I was hesitant about putting this on the blog as I know it’s my third risotto but it’s so different from the other two posts that it merits a post. Also I was quite keen to see how a slow-cooker risotto would come out compared to the usual standing over a pan. There wasn’t much of a difference – maybe a little bit more liquidy but that could have been due to the beetroot which I did use more of than the recipe just due to the size of the packets. My husband has kindly informed me that my picture looks a mess but trust me, it tastes better than it looks. You could switch it up a bit and use goats cheese which is a classic combination with beetroot. I got this recipe from ‘Vegetarian Slow-Cooker’ by Libby Silbermann.
- 400g beetroots (I got the pre-roasted vac packed beetroot)
- 1 tsp fennel seeds
- olive oil
- 100ml water
- 1 onion
- 2 garlic cloves
- 250g arborio rice
- 200ml red wine
- 1 litre vegetable stock
- 100g walnuts
- 100g stilton
- salt and pepper
- 10g dill
1.) Peel and chop the onion. Heat the oil in a frying pan and add the onion, fry for 5 minutes until soft.
2.) In the meantime, peel and chop the garlic then add to the onions after 5 minutes with the fennel seeds and fry for another couple of minutes.
3.) Add the rice and toast lightly for a couple of minutes. Then pour in the wine and reduce down.
4.) While this is reducing, make up the vegetable stock and add 2/3 of the beetroot to a food processor/blender. If using a blender, also add the water. If not, add the water to the mixture afterwards.
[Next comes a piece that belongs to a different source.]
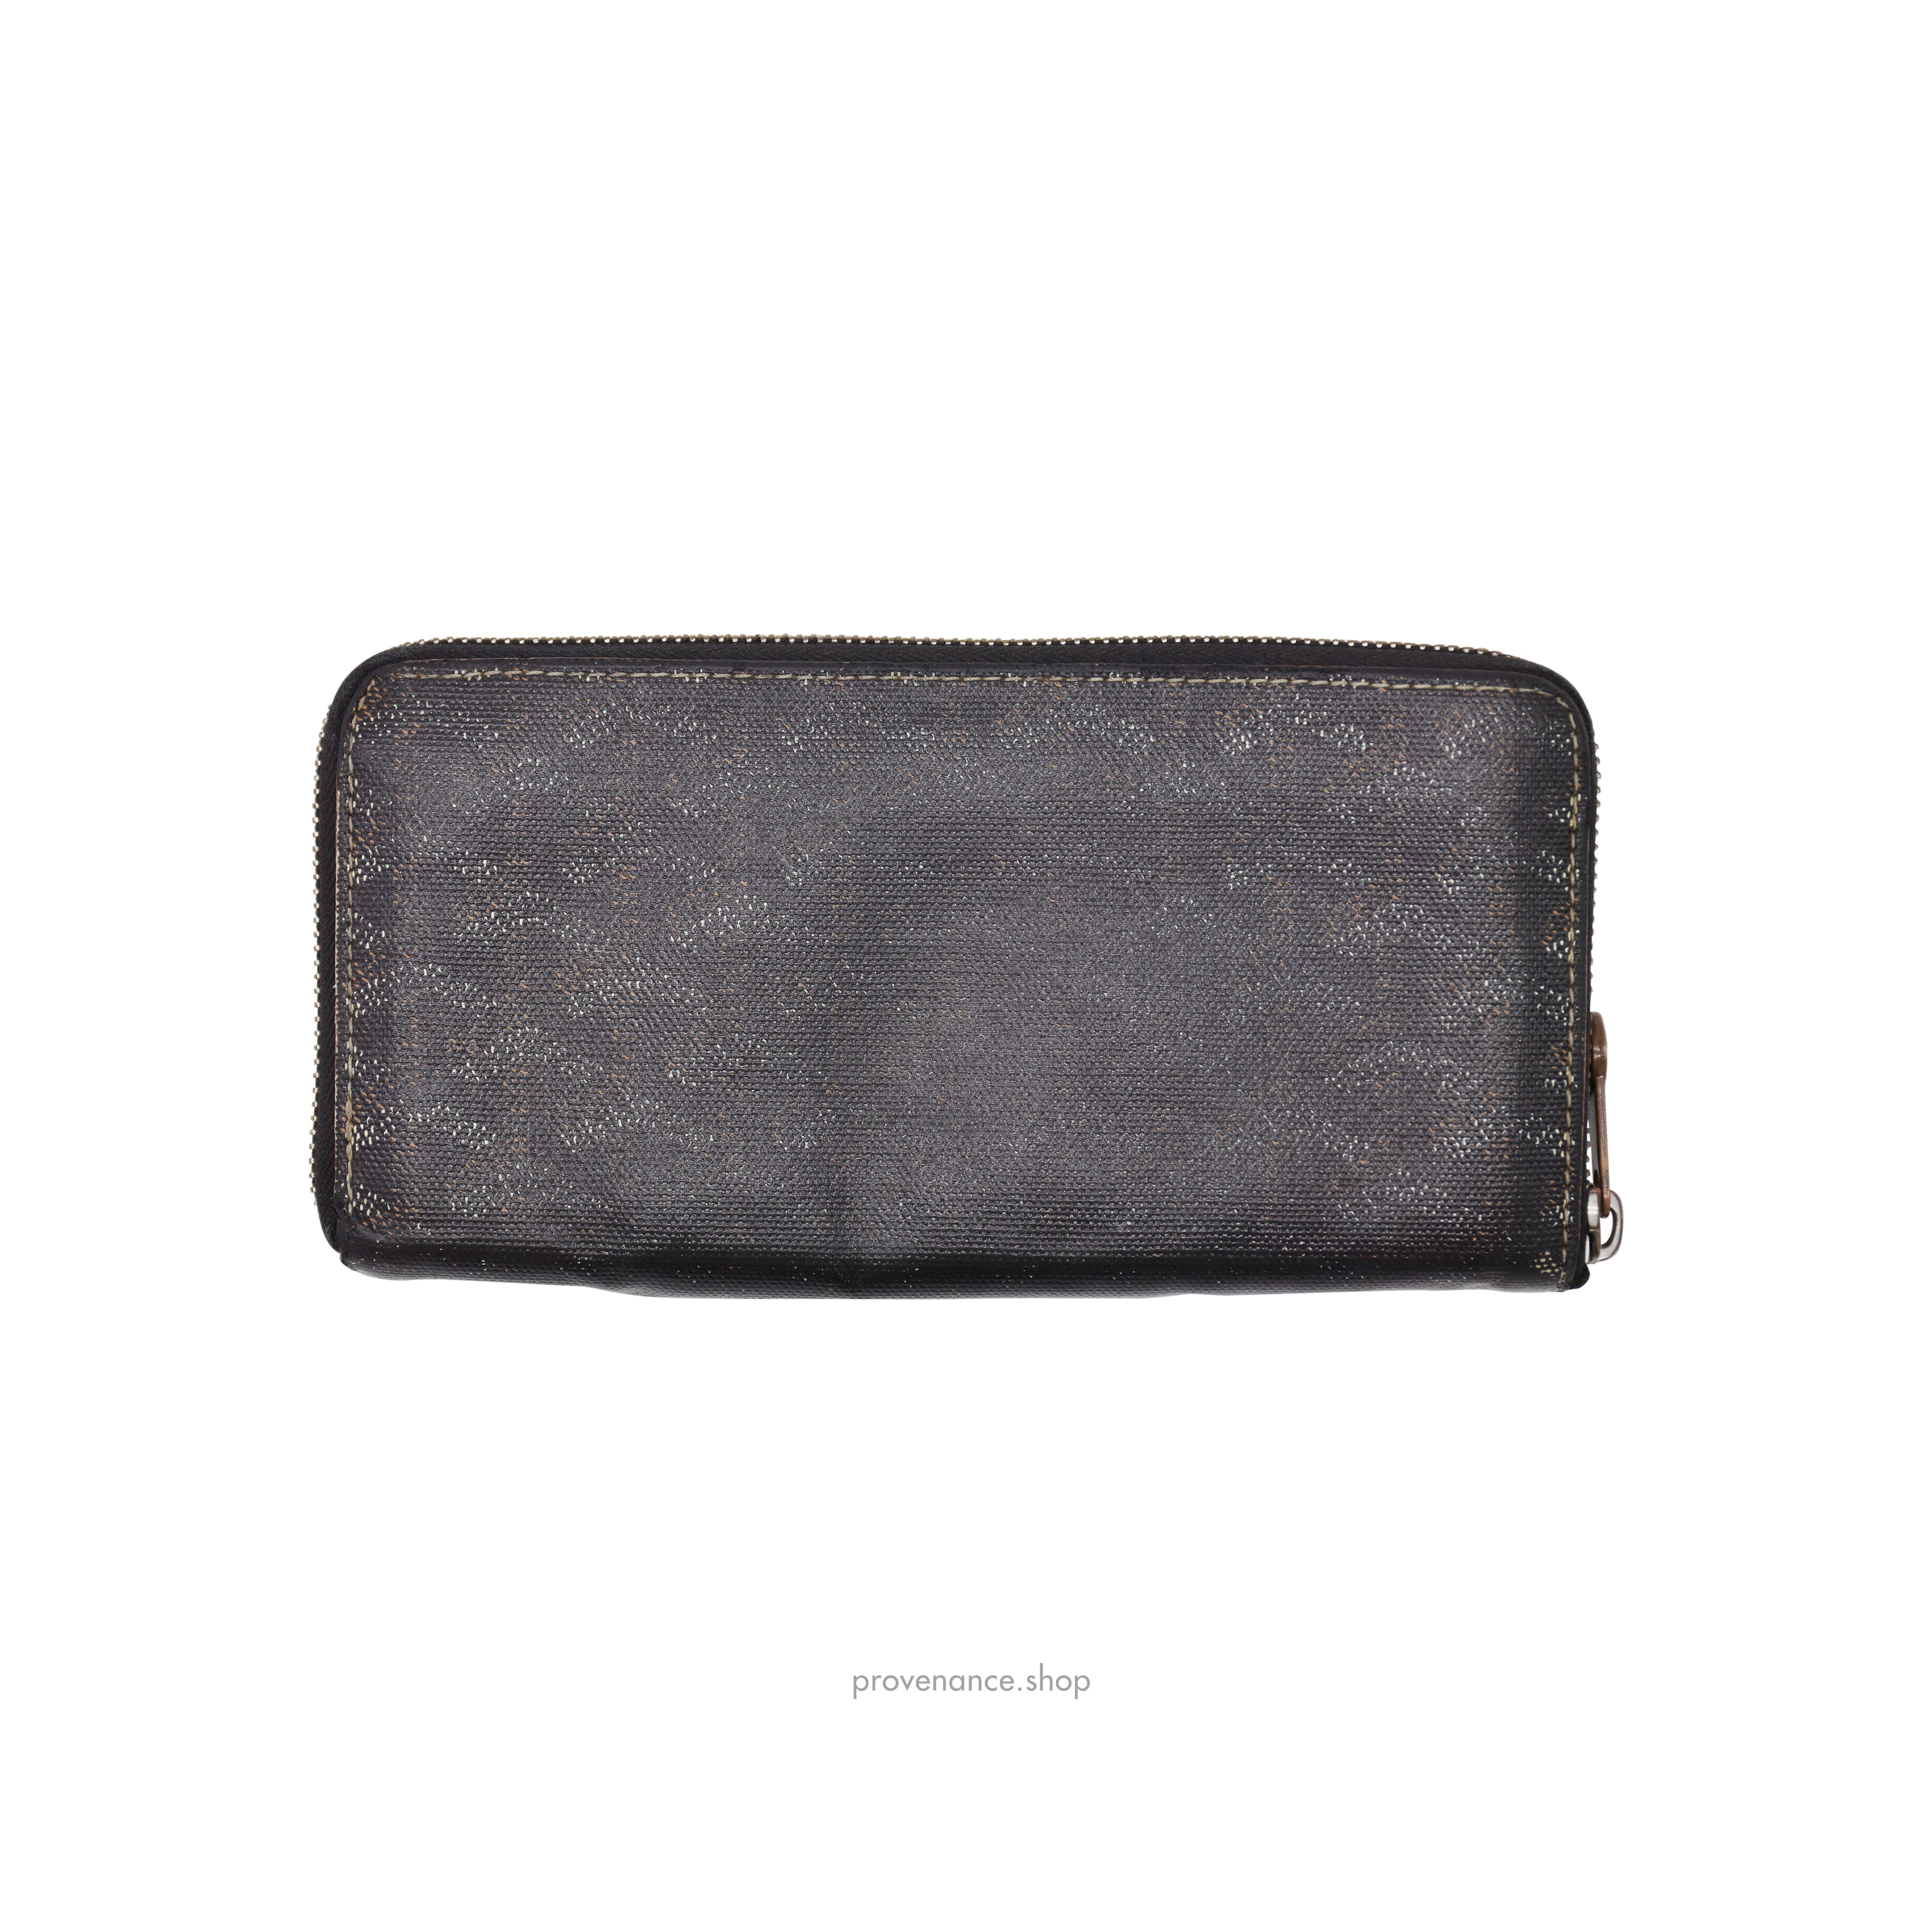 Goyard Matignon Long Wallet - Black/Tan - 2

5.) Add the rice mixture and the beetroot puree to the slow cooker with the vegetable stock. Cook on a high-heat for 2 hours.
6.) In the meantime, break up the walnuts and lightly toast in a frying pan until starting to be fragrant. Chop up the remaining beetroot into cubes. Chop up the stilton. Finely chop the dill.
7.) When the slow cooker is ready, add the stilton to the pan and stir to melt. Stir through the dill and top with walnuts to serve.